▶ **DATA SECTION**:
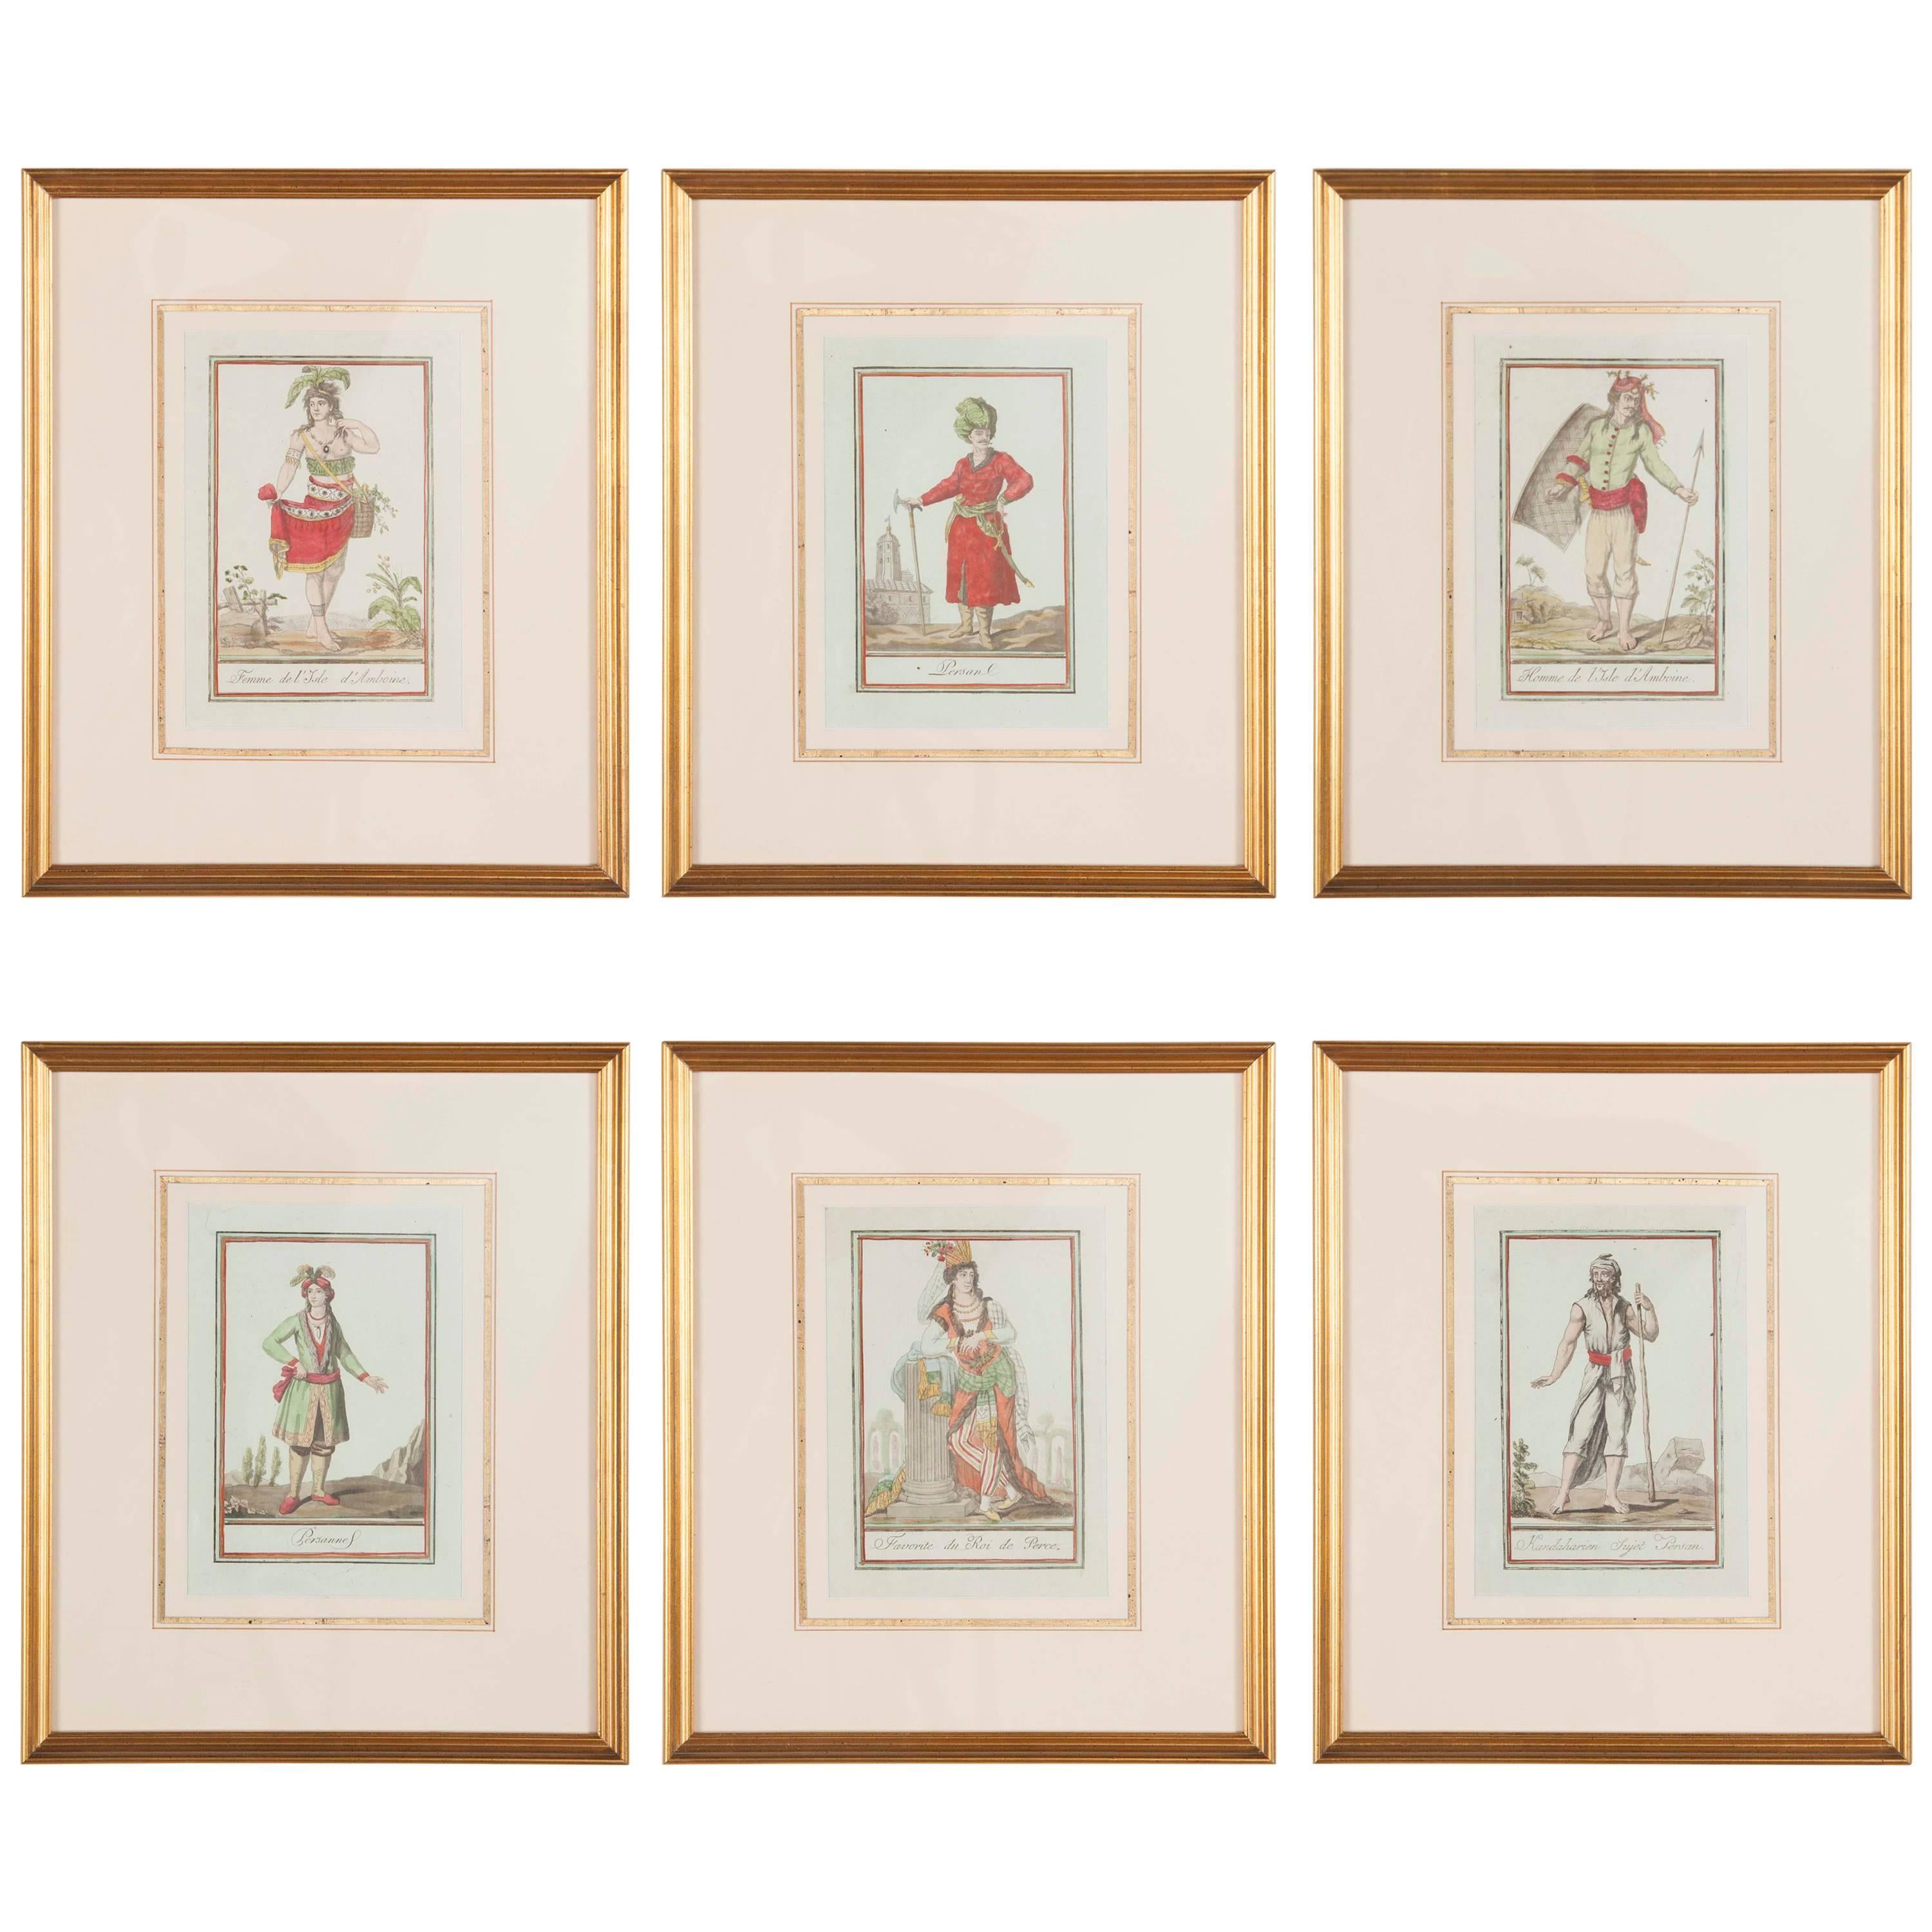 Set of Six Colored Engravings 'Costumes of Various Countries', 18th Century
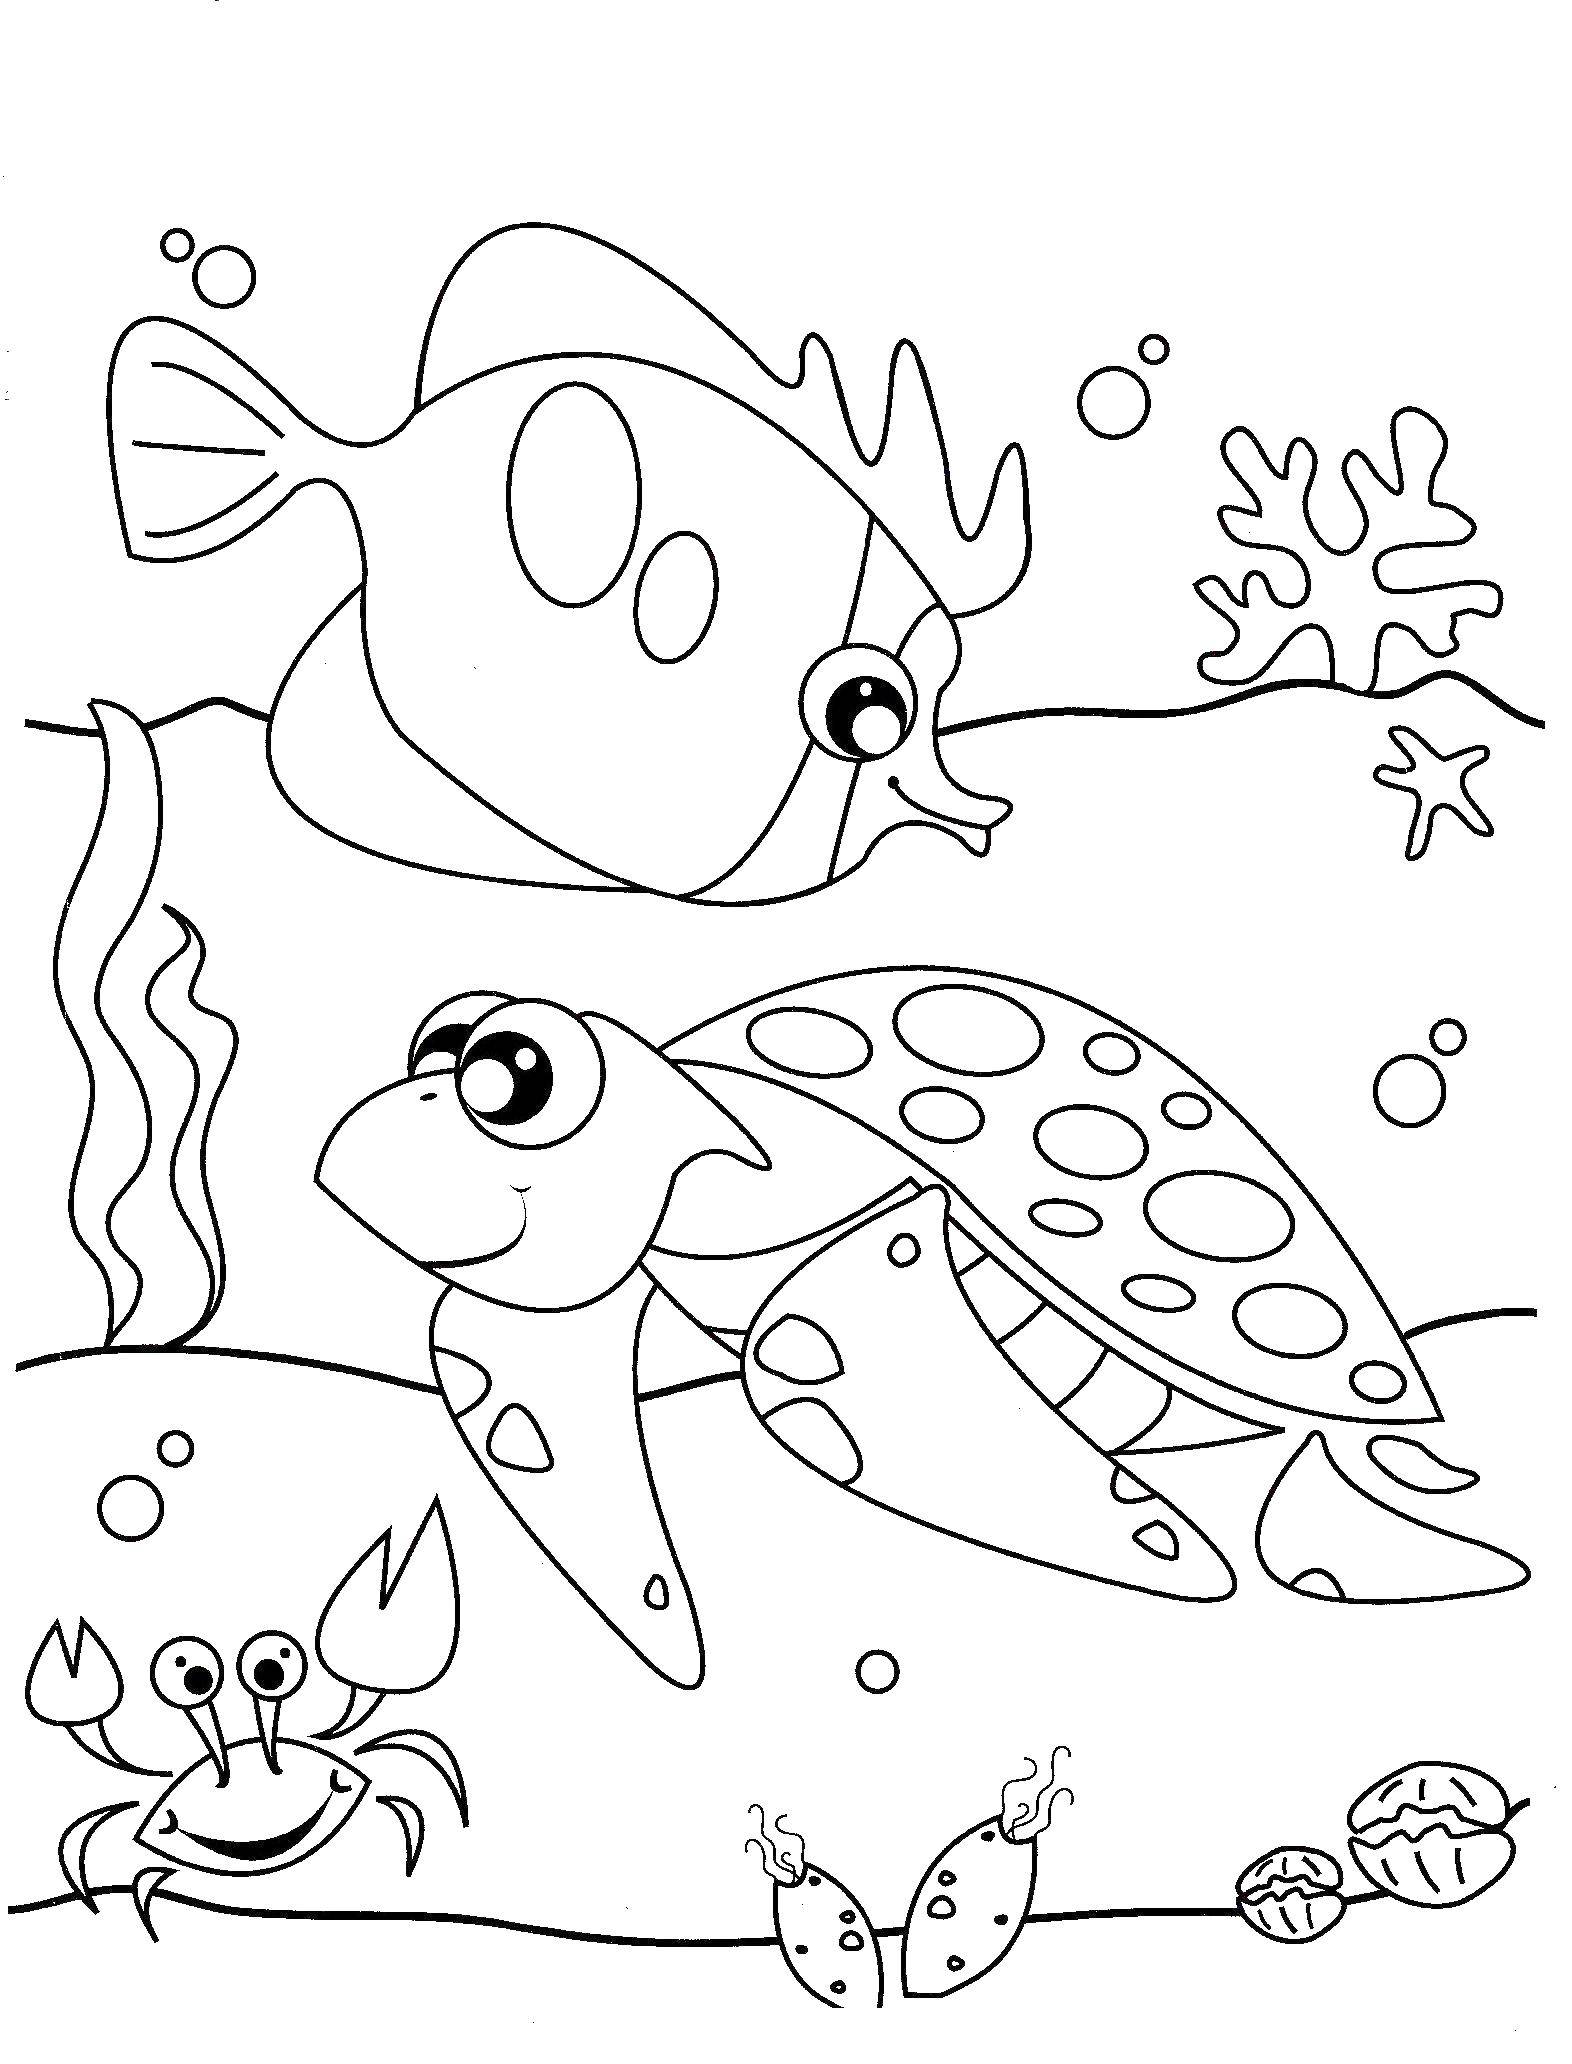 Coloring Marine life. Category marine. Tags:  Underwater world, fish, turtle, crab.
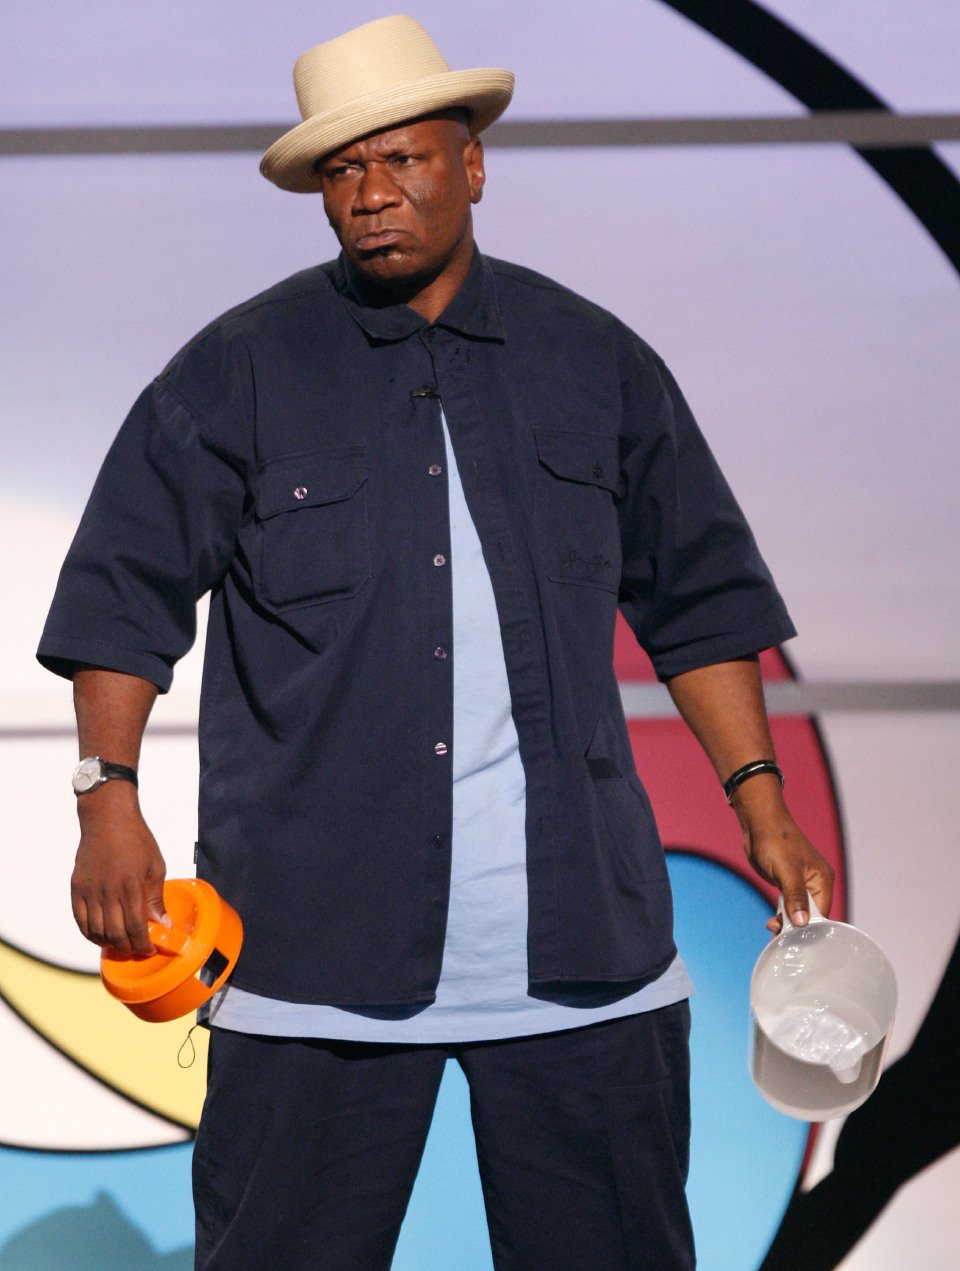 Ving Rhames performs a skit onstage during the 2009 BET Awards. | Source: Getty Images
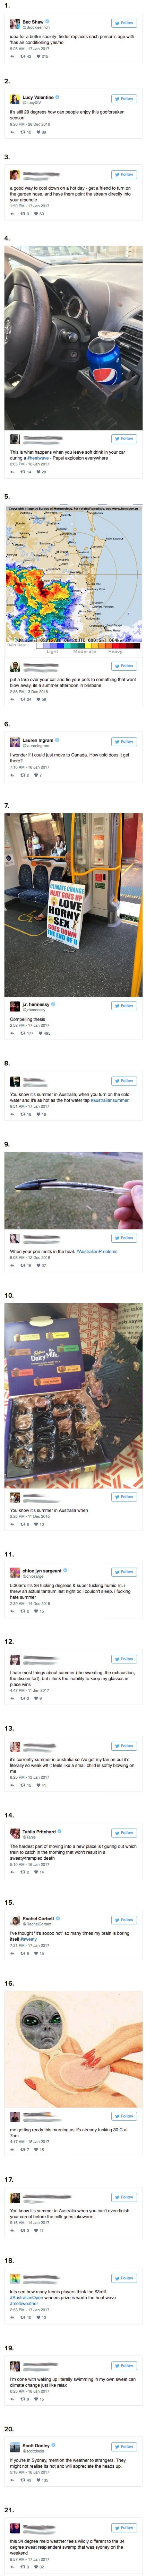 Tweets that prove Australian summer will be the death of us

▶ **PROBLEM STATEMENT**: Would you retype the material exactly, omitting each picture?

▶ **REPLY**:
 Set of Six Colored Engravings 'Costumes of Various Countries', 18th Century
 Coloring Marine life. Category marine. Tags:  Underwater world, fish, turtle, crab.
 Ving Rhames performs a skit onstage during the 2009 BET Awards. | Source: Getty Images
 Tweets that prove Australian summer will be the death of us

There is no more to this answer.